The challenge's rules change with the generation, reflecting the country's history from Spanish crown colony and briefly independent nation to an American commonwealth, Japanese puppet state, and finally an independent nation. You are free to include a city-building element to the game. The rules follow those of ordinary legacy challenges but have additional rules per generation, reflecting historical realities of the time.

Prepwork

Ideally, this should be set in a tropical world where the seasons are set mostly to summer with a brief spring. Hail, fog, rain, and frost are allowed. No modern technology, so get as many analogues to core sims functions as possible (chamber pots, bathing basins, ovens and bonfires, medieval/renaissance/Asian objects, etc.). Pets is optional but very much recommended in the early stage, while Uni is almost required for the later generations. As a rule, all expansions save Into the Future are recommended. Feel free to alter the rules as needed.

General Rules

- Conform to actual historic events and conditions.
- No one can be a president, vice president, or astronaut until the last two generations.
- Up until the end of the colonial ages, all strikes count as “uprisings” and all family members who join must become jobless fugitives or criminals.
- Throughout the colonial era, the first floor is functionally a foundation. No one is to use this floor for anything other than a kitchen, latrine, or housing for livestock until after the 20th Century.
- No cheats save for those related to building. The aristocracy-tenant farmer scenario still demands that the player earn the amount needed to separate the two.
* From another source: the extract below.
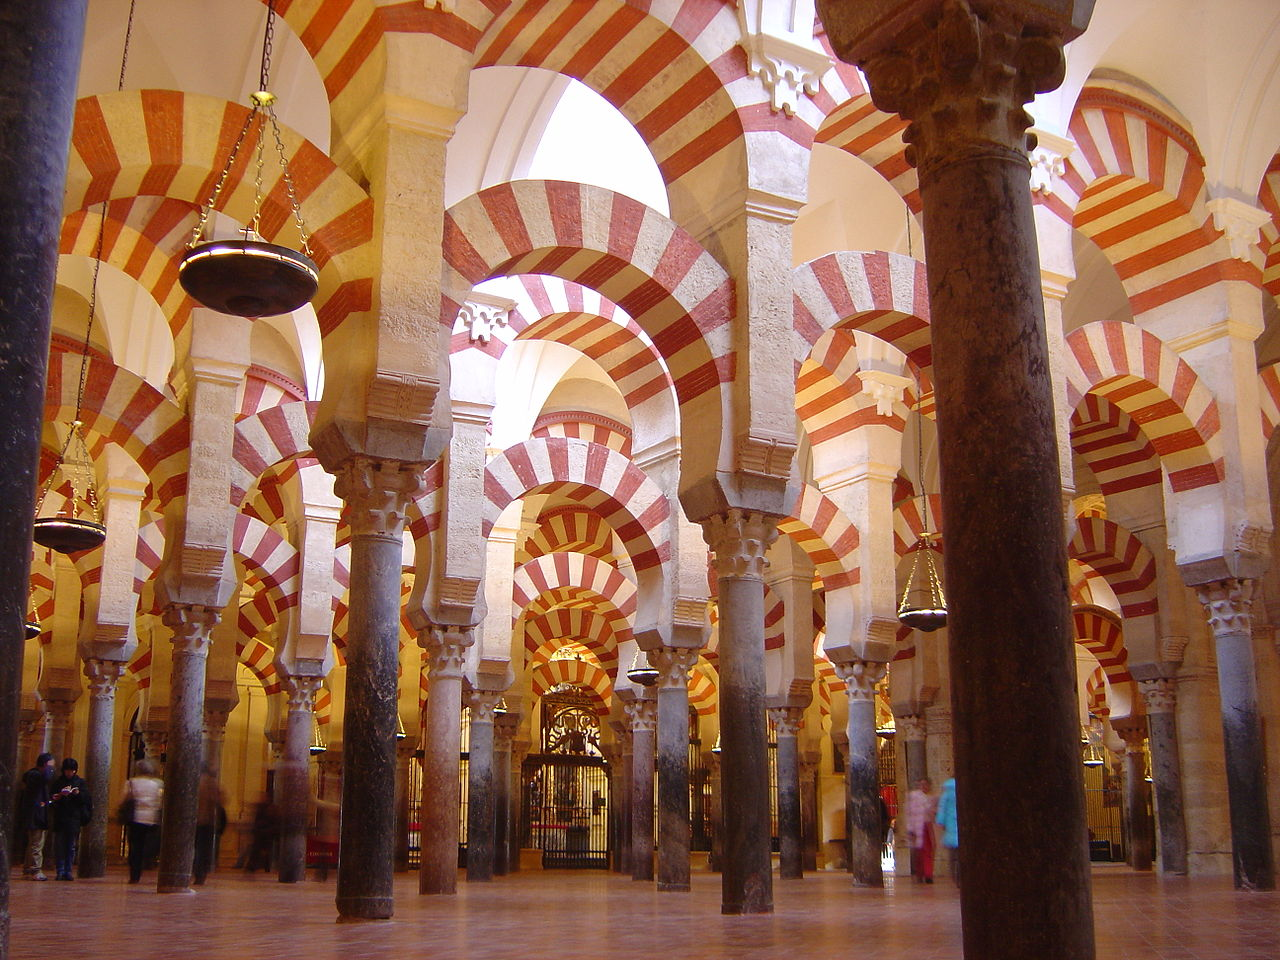 https://upload.wikimedia.org/wikipedia/commons/thumb/1/15/Mosque_Cordoba.jpg/1280px-Mosque_Cordoba.jpg

Inheritance, the only normal-gameplay way of instantaneous money, is allowed only once and only to the aristocracy.
- All woohoos are “try for baby” until the 1960s, and then only when the family is somehow wealthy or liberal-ish.
- One can opt to use the points system as outlined by the original challenge.
- Fashion changes with the era, though keep blatant stereotypes to a minimum.
- If it isn’t legal/available in the Philippines (or Earth, for that matter) in 2018, it will only appear after Generation 12 reaches its 2020s phase, which is the speculative future and therefore one is allowed to make stuff up.
- Avoid anachronistic traits.
- Optional: Rolls of a dice can be used to determine whether a sim involved in something perilous (wars, uprisings, anti-dictatorship demostrations, etc.) survives the ordeal.

Opening rules

All starter options begin with one or two sims (a married couple, preferably) save for the Encomiendero option, which is given a huge opening handicap.

Due to the limitations of the game and reflecting some degree of social mobility in the late 19th Century, the often-disenfranchised peasants can join the ranks of the principalia (native aristocracy) if they gain enough money or marry into an existing aristocratic family. Emphasis on “if;” Native Filipino peasants are only allowed subsistence occupations. No such restrictions apply post-independence.

European and Latin American Aristocrats
- They can use the inheritance lifetime reward exactly once, preferably during the first generation
- They must only live in two-story houses.
- They can advance to all but the highest two government and military positions, and the highest career positions save for the highest of the journalist career.
- They can read newspapers.
- They can only have male heirs.

Native Aristocrats
- They too must live in a two-story house.
- They can take up careers and advance up to level five in many careers for the first few generations.
- They should aspire to have their daughters marry a European aristocrat.
- They can have female heirs.

Native Peasants and Tenants
- They are only allowed skill careers until they become wealthy enough to commission their own stone house in the legacy property or become a part of the aristocratic bloodline through marriage.
- They cannot attend college until later generations
- They are required to go on as many unrewarding, goose-chasey opportunities as they can.
- They are not allowed to read or even have newspapers until they become wealthy.
- They can have female heirs.
- Tenants can marry their children off to the aristocrats’; how well this is handled by the aristocrats depends on how well their relationships are.

Clergy
- Sims can opt to become clergy (friars and nuns), wherein they become unmarried and work in the education, medical, and science careers, which is available exclusively to them for several generations.
- Sims with any aspiration that requires the education, medical, or science careers in the first three or four generations must work toward becoming clergy.
- They cannot marry or be eligible to be heirs, though they can have affairs and amass wealth for themselves or their families. For them to formally marry a lover and start a family, they must “leave their holy orders” and quit their respective careers. They become eligible heirs when they quit.
- They can adopt children should they choose to remain celibate.
- They must be invited to wedding parties.
- Clergy can have the good or evil traits, which determine a lot about their interaction with others down the line.
- They can read newspapers.
- Clergy must keep their liaisons secret. Lower-tier clergy who get caught while having an affair are defrocked (lose their jobs and are cut off from all others) while clergy who “go steady” with a romantic partner but haven’t slept with them can leave the Holy Orders, be open about their relationships, and get married.

Chinese immigrants
- They, ideally, should live in an apartment and earn the right to purchase their own lot and build their own homes.
- They can become members of the native aristocracy through intermarriage.
- They can only work in skill careers and in part-time careers in stores.
- They cannot take classes and must learn their skills by themselves.

Starting backstories

The series begins in the colonial period of my country’s history. As such, three bare-bones starters are available to the player.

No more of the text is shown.